Claudia Parsons of Reuters has been doing the legwork on the uproar over the fiction nominees, and presents a slim range of opinions from people who hate them. She notes, "Many critics were outraged not to see Philip Roth on the list for his new book The Plot Against America, a historical fantasy that has won good reviews."

On the one hand, I'm pleased to see that somebody is coming even closer to calling Roth's book science fiction, but let's not overstate the case: Plot has gotten plenty of bad reviews as well as the good, and it's hardly a slam-dunk nominee save for its pedigree. If, to throw out a name here, Harry Turtledove had written the exact same book, (well, okay, maybe with the name of Roth's family changed), would people honestly say this book had been overlooked? And mind you, I like Harry Turtledove; I'm just using him as the most convenient hook for speculative fiction--any science fiction author I named here would be just as likely not to pass muster with the fiction judges and the harping industry pundits.

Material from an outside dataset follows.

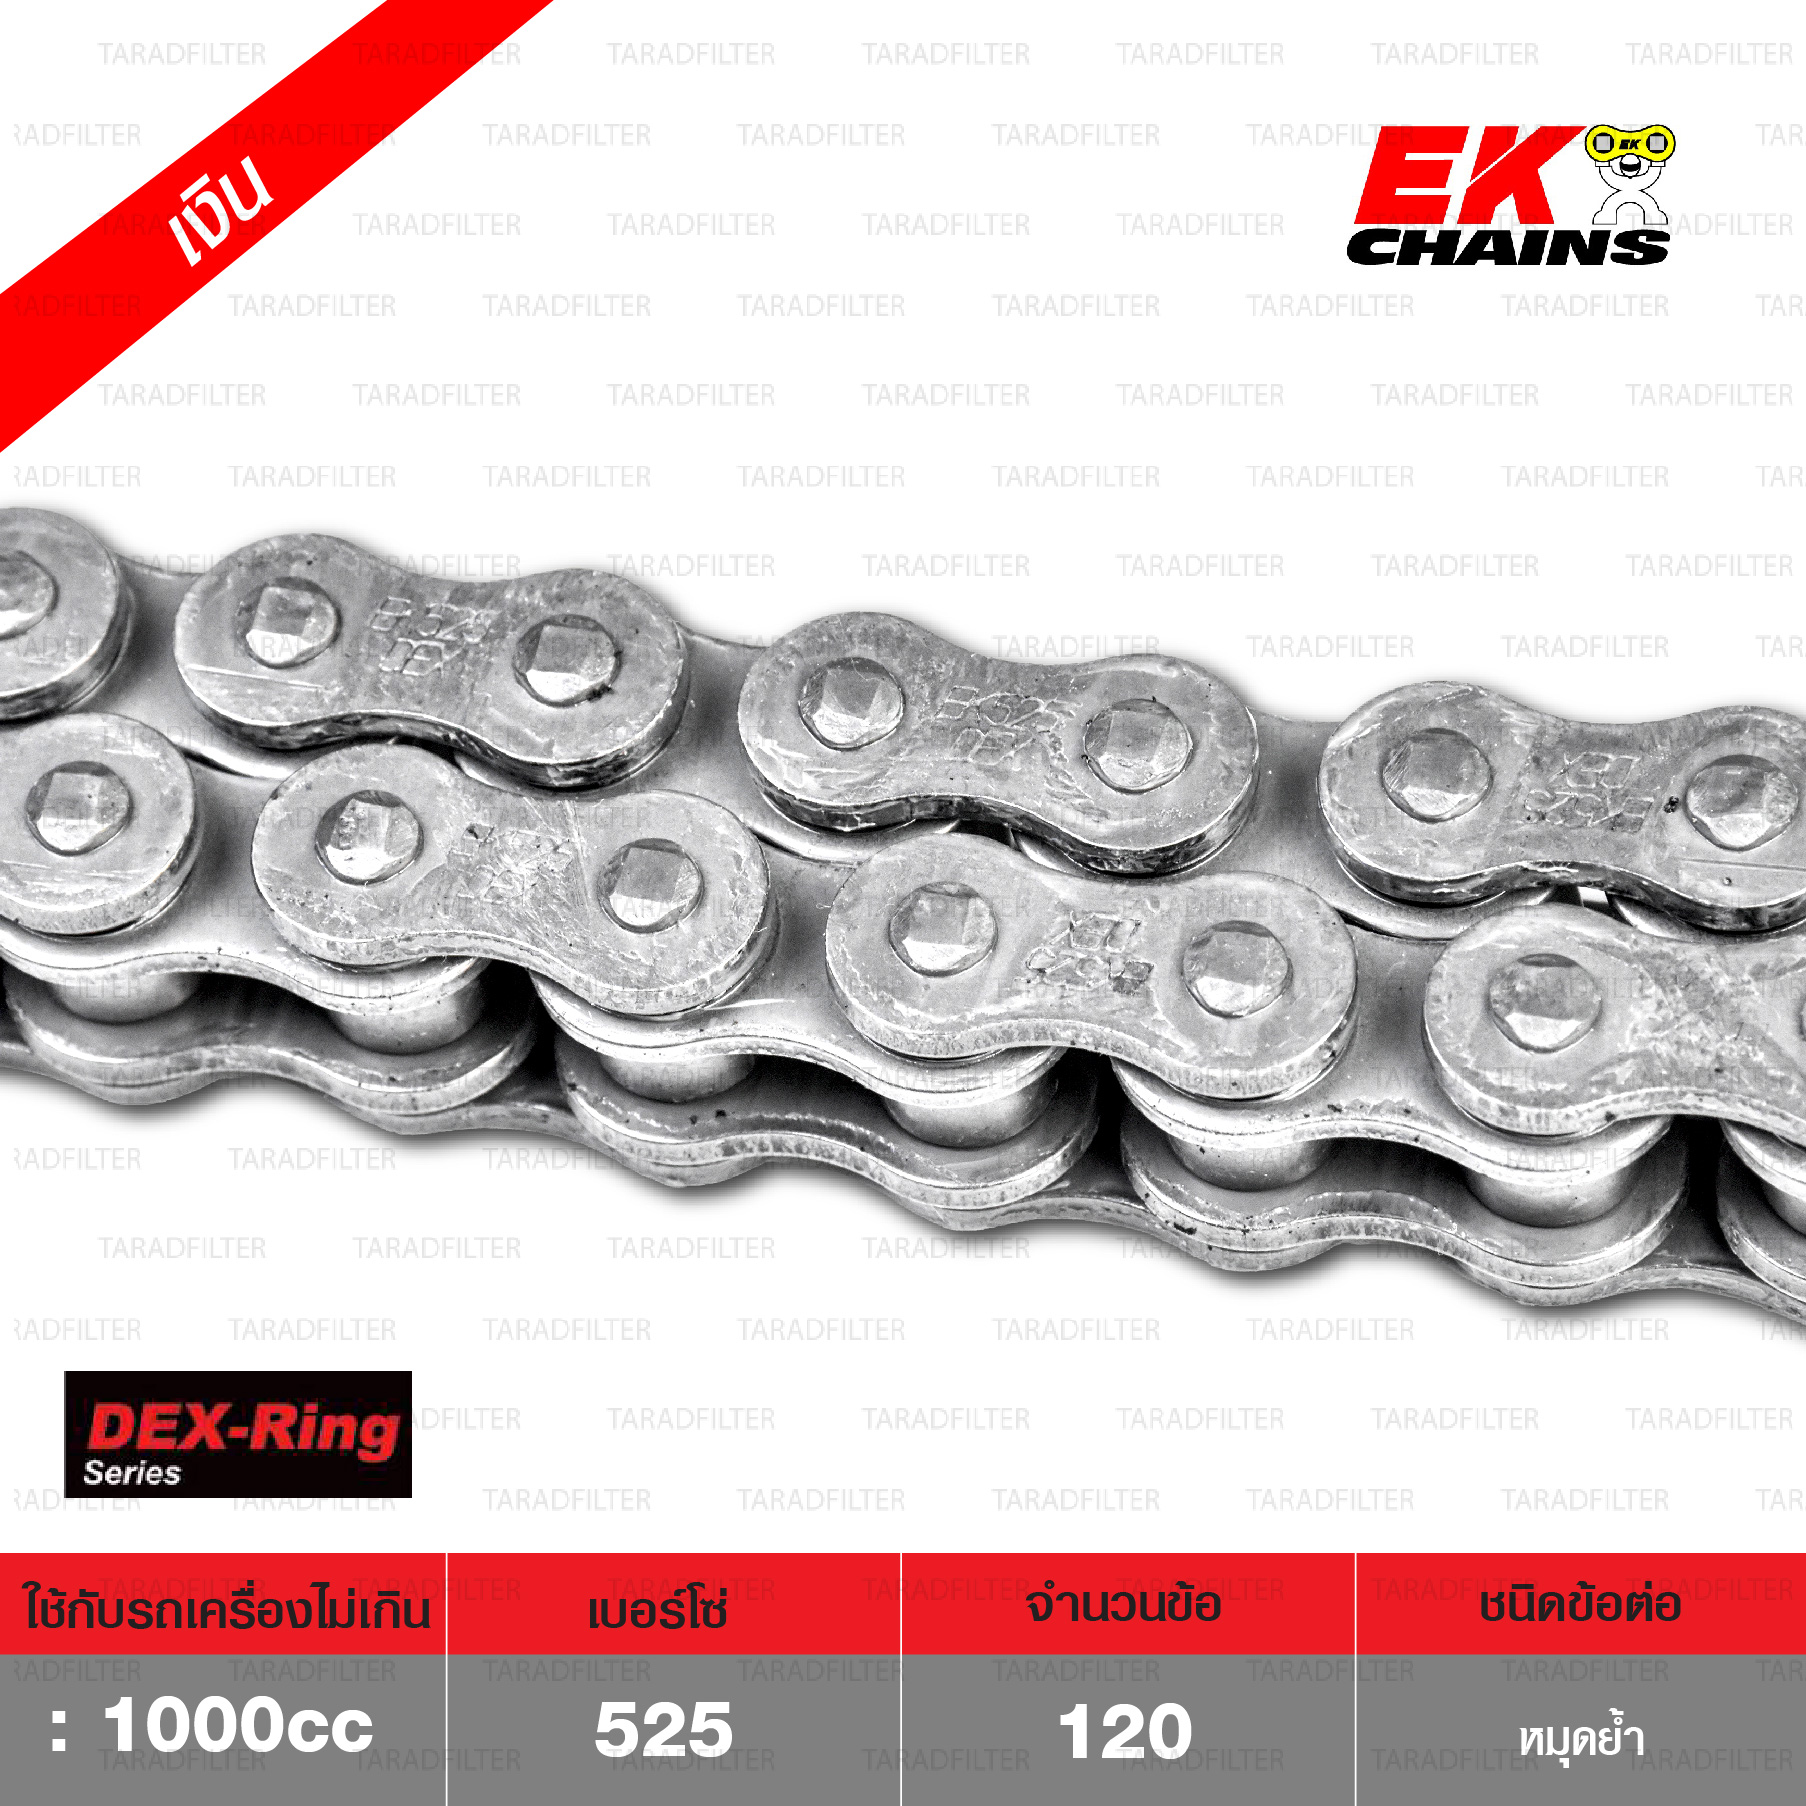 EK โซ่มอเตอร์ไซค์ บิ๊กไบค์ เบอร์ 525 QX-ring รุ่น DEX SERIES สีเหล็ก 120 ข้อ ข้อต่อแบบหมุดย้ำ [ 525-120 DEX STD ]

Of the two industry insiders quoted, PW columnist John Baker blames Rick Moody, while former National Book Foundation co-chair Herman Gollob sneers, "It's supposed to be an achievement award for the best that's been done, not a feel good award for aspiring writers." He hadn't heard of any of the books beforehand, and he's damned if he's going to read them. One would have thought that during his long career as an editor, Gollob would have learned not to judge a book he hadn't read, but perhaps all he needed to hear was that the books weren't, as Caryn James put it, "big and sprawling" like, say, Leon Uris. I'd also suggest to him--heck, I'll do it right now--that five authors with, if I'm counting correctly, sixteen published books to their collective credit deserve a little bit more than a dismissal as "aspiring writers," especially since two of the nominees got longer reviews in the NYTBR than he got last year for Me and Shakespeare. (Granted, Lily Tuck's review was less than fifty words longer, but that counts as far as I'm concerned.)